Items listed in a dataset
────────────────

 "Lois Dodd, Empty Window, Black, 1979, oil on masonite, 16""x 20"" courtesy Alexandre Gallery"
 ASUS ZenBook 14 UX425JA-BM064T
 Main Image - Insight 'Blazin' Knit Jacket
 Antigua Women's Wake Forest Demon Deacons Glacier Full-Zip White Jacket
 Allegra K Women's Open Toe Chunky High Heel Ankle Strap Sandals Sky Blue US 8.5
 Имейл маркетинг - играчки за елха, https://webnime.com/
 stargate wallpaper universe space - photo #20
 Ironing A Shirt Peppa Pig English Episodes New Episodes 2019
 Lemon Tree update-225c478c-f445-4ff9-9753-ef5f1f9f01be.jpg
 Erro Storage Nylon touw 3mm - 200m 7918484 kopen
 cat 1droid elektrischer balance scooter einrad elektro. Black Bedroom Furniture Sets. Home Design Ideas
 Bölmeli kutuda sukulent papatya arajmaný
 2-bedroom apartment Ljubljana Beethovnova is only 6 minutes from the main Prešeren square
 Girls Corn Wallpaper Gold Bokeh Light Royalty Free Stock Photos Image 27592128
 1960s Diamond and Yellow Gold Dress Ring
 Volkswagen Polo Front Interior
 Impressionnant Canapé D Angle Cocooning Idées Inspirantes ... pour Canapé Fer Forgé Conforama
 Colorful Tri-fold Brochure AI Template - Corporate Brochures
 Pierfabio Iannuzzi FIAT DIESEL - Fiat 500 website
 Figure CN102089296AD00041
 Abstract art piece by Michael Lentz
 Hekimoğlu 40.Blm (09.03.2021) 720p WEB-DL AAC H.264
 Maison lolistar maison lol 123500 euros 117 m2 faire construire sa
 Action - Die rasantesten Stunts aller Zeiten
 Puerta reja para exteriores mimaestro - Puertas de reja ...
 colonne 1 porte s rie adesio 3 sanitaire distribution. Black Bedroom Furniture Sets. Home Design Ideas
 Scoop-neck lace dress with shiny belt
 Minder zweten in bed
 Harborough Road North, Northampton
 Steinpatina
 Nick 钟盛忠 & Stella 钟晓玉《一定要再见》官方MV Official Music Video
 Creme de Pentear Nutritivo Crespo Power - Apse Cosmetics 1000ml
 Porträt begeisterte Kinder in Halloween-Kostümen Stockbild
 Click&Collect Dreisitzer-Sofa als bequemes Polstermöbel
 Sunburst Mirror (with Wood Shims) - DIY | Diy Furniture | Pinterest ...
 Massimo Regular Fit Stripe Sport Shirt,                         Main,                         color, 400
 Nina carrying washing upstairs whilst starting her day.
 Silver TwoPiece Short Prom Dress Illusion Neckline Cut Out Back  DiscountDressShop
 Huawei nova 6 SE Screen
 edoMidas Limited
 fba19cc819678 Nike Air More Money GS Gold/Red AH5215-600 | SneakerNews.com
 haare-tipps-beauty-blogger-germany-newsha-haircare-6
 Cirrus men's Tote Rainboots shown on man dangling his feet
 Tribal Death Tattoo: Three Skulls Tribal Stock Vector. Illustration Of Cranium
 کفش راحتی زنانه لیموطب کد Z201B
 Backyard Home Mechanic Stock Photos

────────────────

#### WHAT IS NEEDED
Return, unchanged, the run of lines above that opens with the line containing "Colorful Tri-fold Brochure" and closes with the line containing "Maison lolistar maison". Include both.

#### PROBLEM SOLUTION
 Colorful Tri-fold Brochure AI Template - Corporate Brochures
 Pierfabio Iannuzzi FIAT DIESEL - Fiat 500 website
 Figure CN102089296AD00041
 Abstract art piece by Michael Lentz
 Hekimoğlu 40.Blm (09.03.2021) 720p WEB-DL AAC H.264
 Maison lolistar maison lol 123500 euros 117 m2 faire construire sa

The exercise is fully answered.